Ted Wilm is closing in on four decades at PricewaterhouseCoopers LLP, the New York-based Big Four accounting firm with a significant stake in Orange County. The local office in Irvine employs 375—making PwC one of the Big Four in OC as well.
The time and the talent has naturally entwined to illustrate some serious maxims on serving clients. Maybe not at the Marcus Aurelius mountaintop level but in the same neighborhood, amid the focused context of professional services work.
He offers the well-worn line about a firm being a family—in this case, “PwC Orange County.” But he fleshes that ethos out in the next breath.
“As a family we take care of those around us,” he told the Business Journal. “Those we love, those we work with, those we serve as clients, and those in our community.”
Treasure Maps
So add serving OC to serving PwC clients and add treasure to the time and talents Wilm’s office deploys to do so.
PwC’s work in these realms brought it recognition as the large local workforce honoree in the Civic 50 listing this year, the third annual compilation (see page 31, and related stories in this issue and Special Report).
It’s a philosophy backed by commitment and execution.
Internationally, PwC is based in London, with annual revenue eclipsing $41 billion and a global workforce topping a quarter of a million.
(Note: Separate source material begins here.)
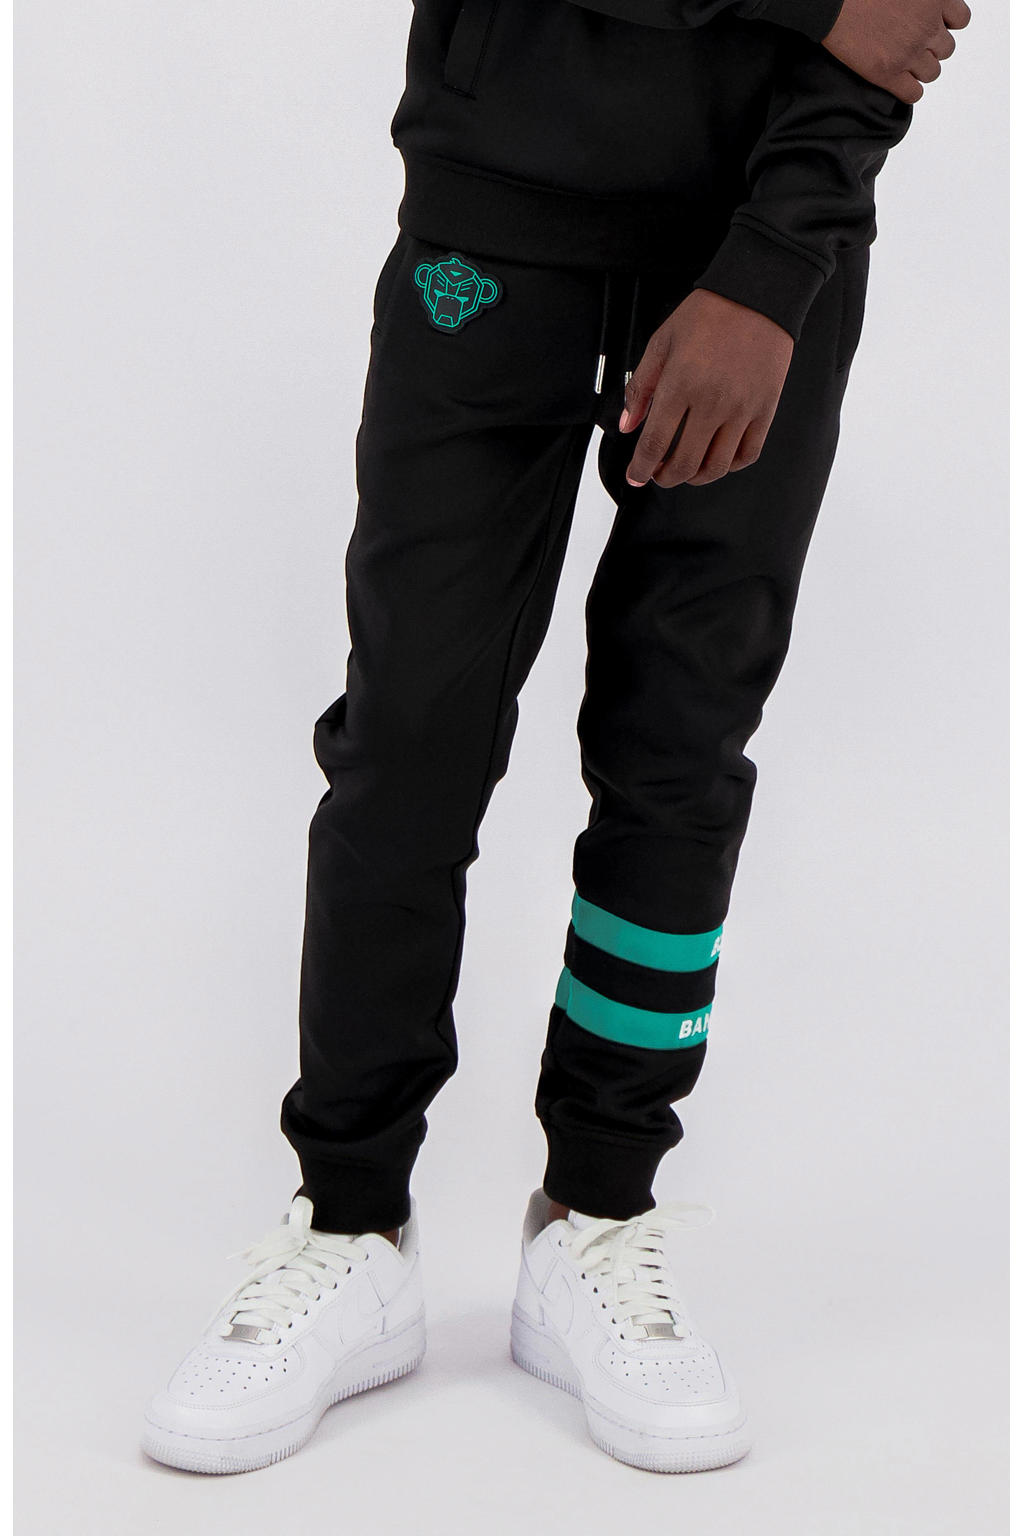 Zwarte jongens BLACK BANANAS slim fit broek mint van polyester met regular waist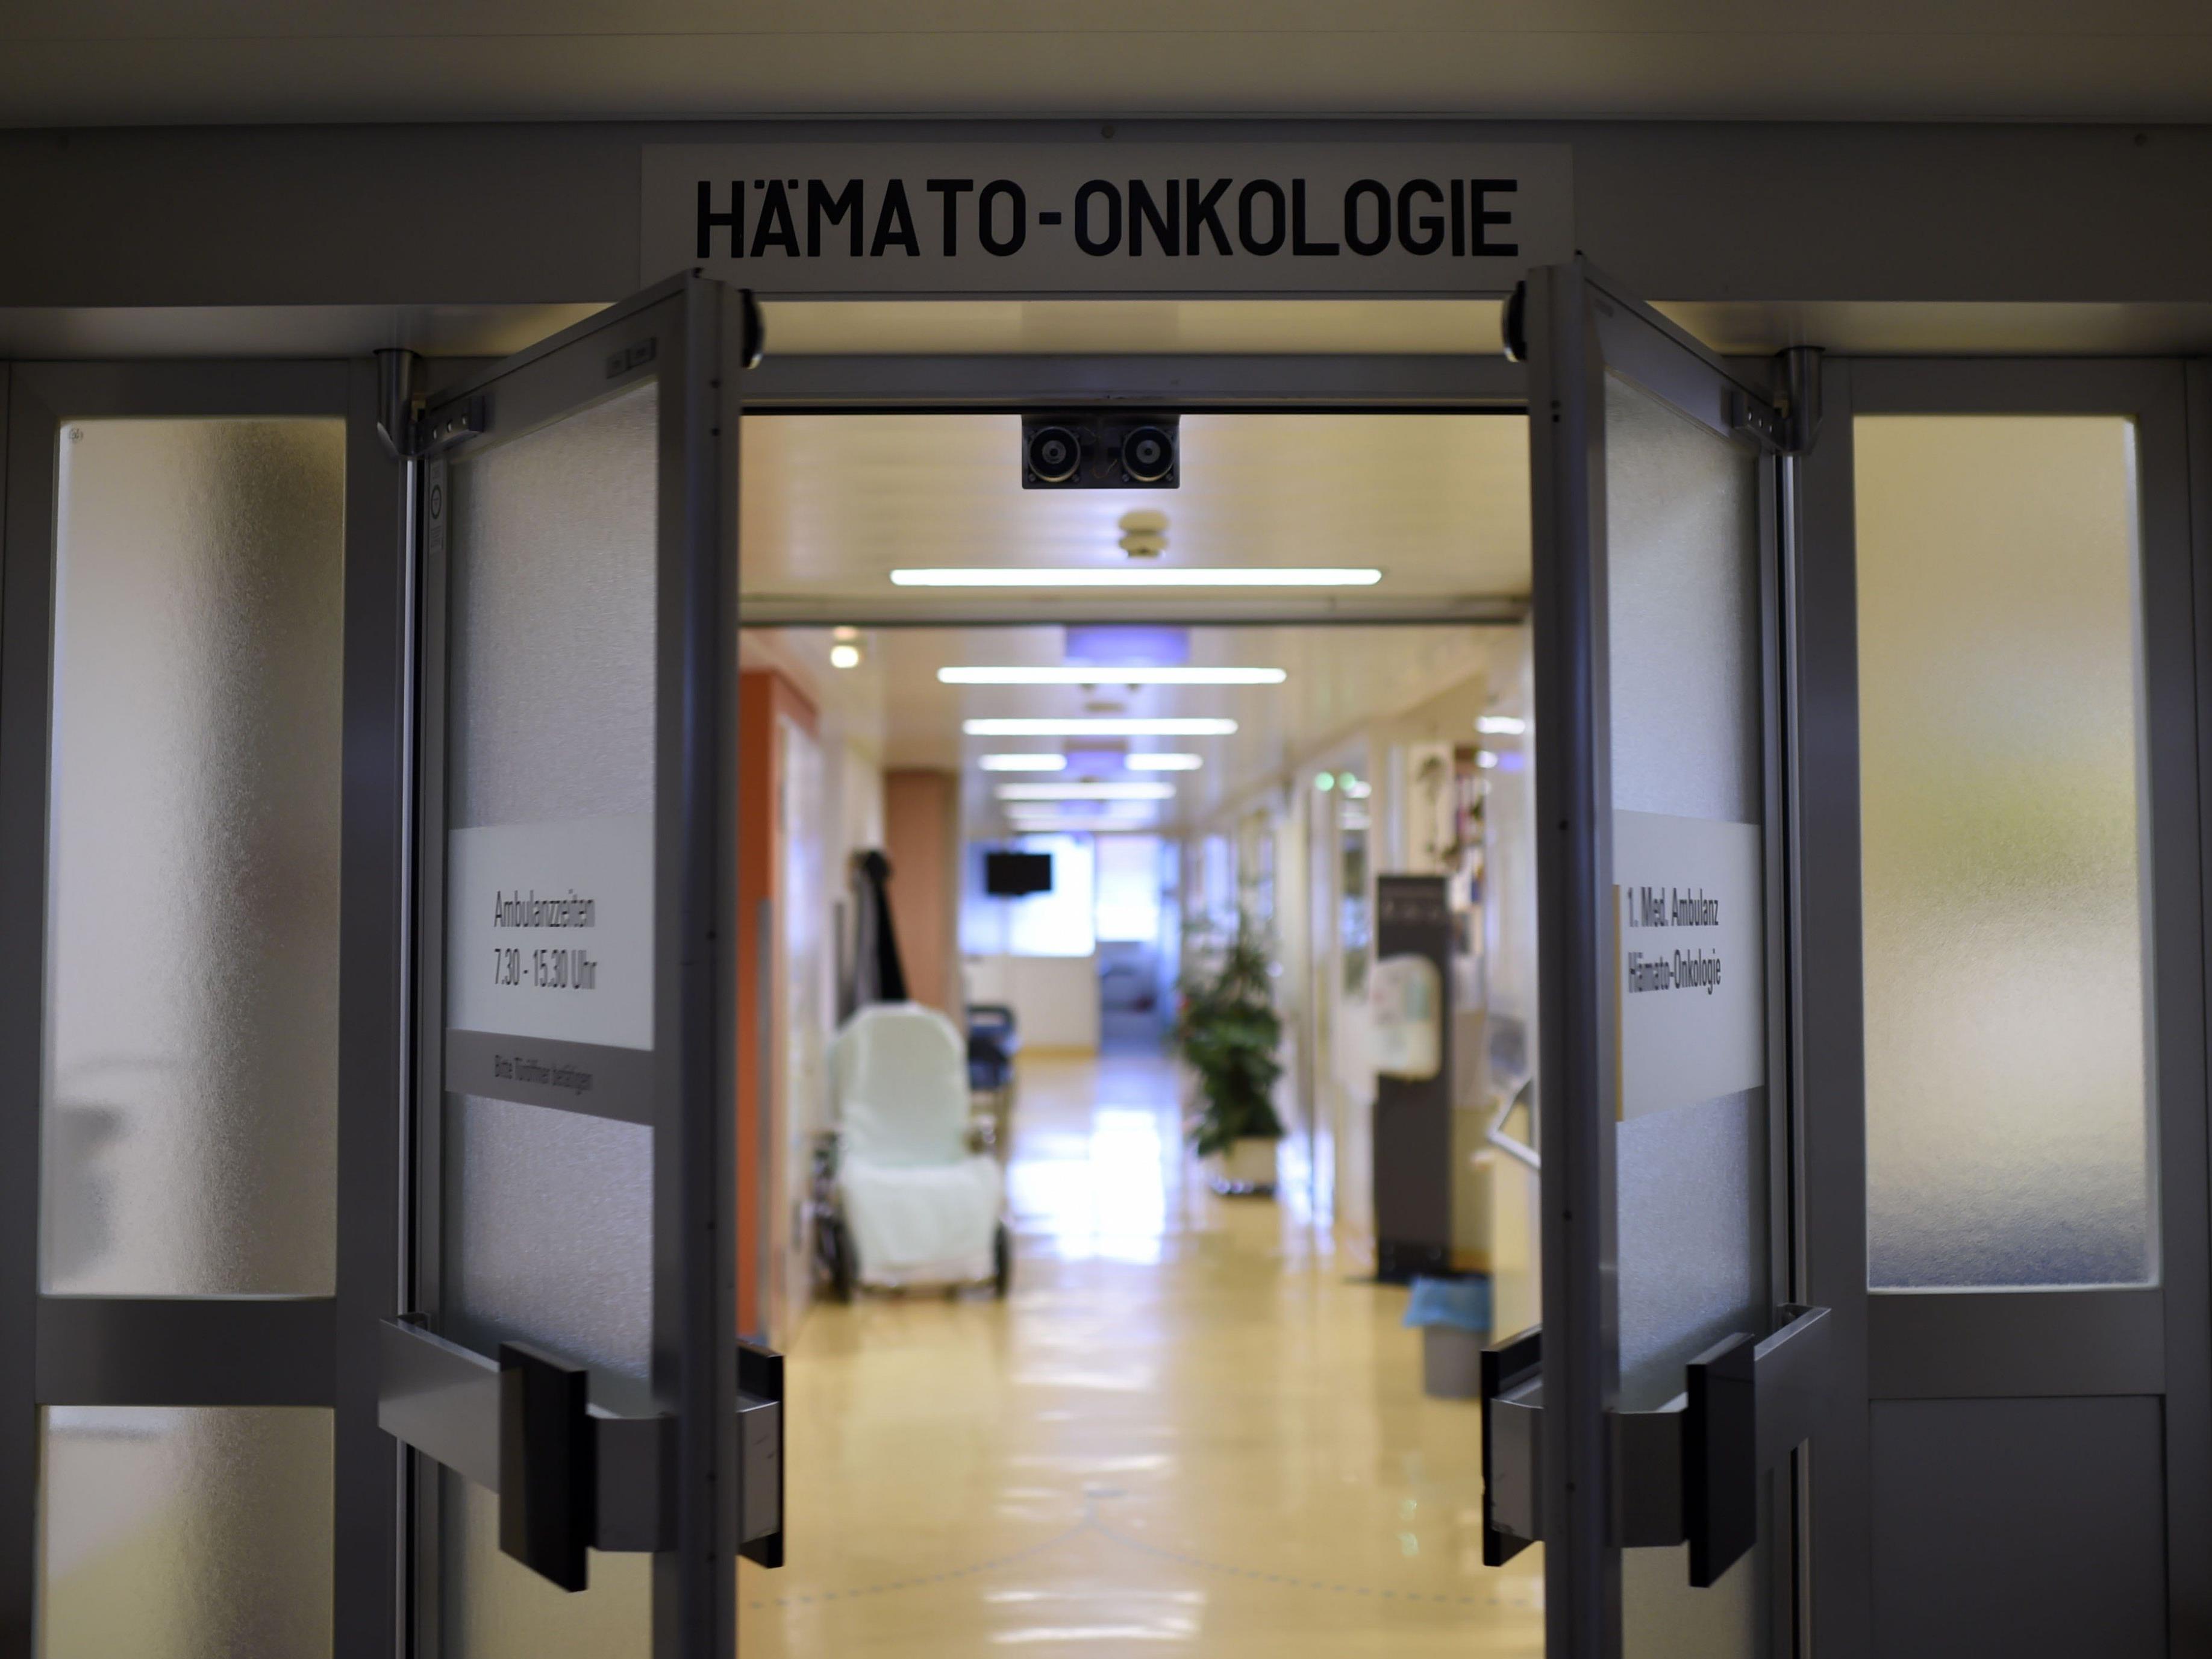 Gesundheit - Ärztekammer wehrt sich gegen "Blockade"-Vorwurf

At such size, civic initiatives begin under the corporate umbrella.
From 2013 to 2017, the bean-counting behemoth branded their worldwide effort Earn Your Future, and played to its strengths in financial literacy, bringing those skills to those who otherwise might not learn.
Big Waves
Then in more well-worn and quite welcome fashion, it put its money where its mouth was, making its next five-year foray, now underway, a $320 million push, Access Your Potential, to cultivate tech-savvy in 10 million students.
The overall effort looks to enhance the ever-in-development “diverse, tech-skilled workforce” as the company puts it—and this will surely benefit the firm and its clients down the line, as well as the broader economy.
Initiatives include providing teachers a smartphone app to assess digital knowledge; a robot that travels to schools to show how technology can be used in daily life; and free, open-sourced curriculum on coding, data analytics and, once again, financial skills.
Local Motions
PwC-OC helps move these global glacial efforts into specific local opportunities for involvement. An internal team reviews volunteer options. The company starts new employees with a $25 giving credit they can direct to a favorite charity; 95% do so, and 60% come back with more contributions of their own through the firm’s giving program.
“Put your heart into it, your head will follow, and great things will happen,” Wilm said. “Doing good for others is a contagiously, wonderfully warm feeling.”
The OC office gave more than 7,000 volunteer hours in 2018 with more than half of office staff involved in some way. It values that time at about $1.75 million.
A local favorite of the staff is Big Brothers Big Sisters of Orange County & the Inland Empire, in Santa Ana, with $7 million in local revenue and 3,200 volunteers.
A PwC-OC partner, Gary Wilson, has been on its board for a decade and office staff hosts “Big for a Day” events, for subjects that have included, yep—financial literacy.
“Someone likely helped each of us along the way,” Wilm said.
“Make a difference … in someone else’s life,” he said. “You will love the feeling.”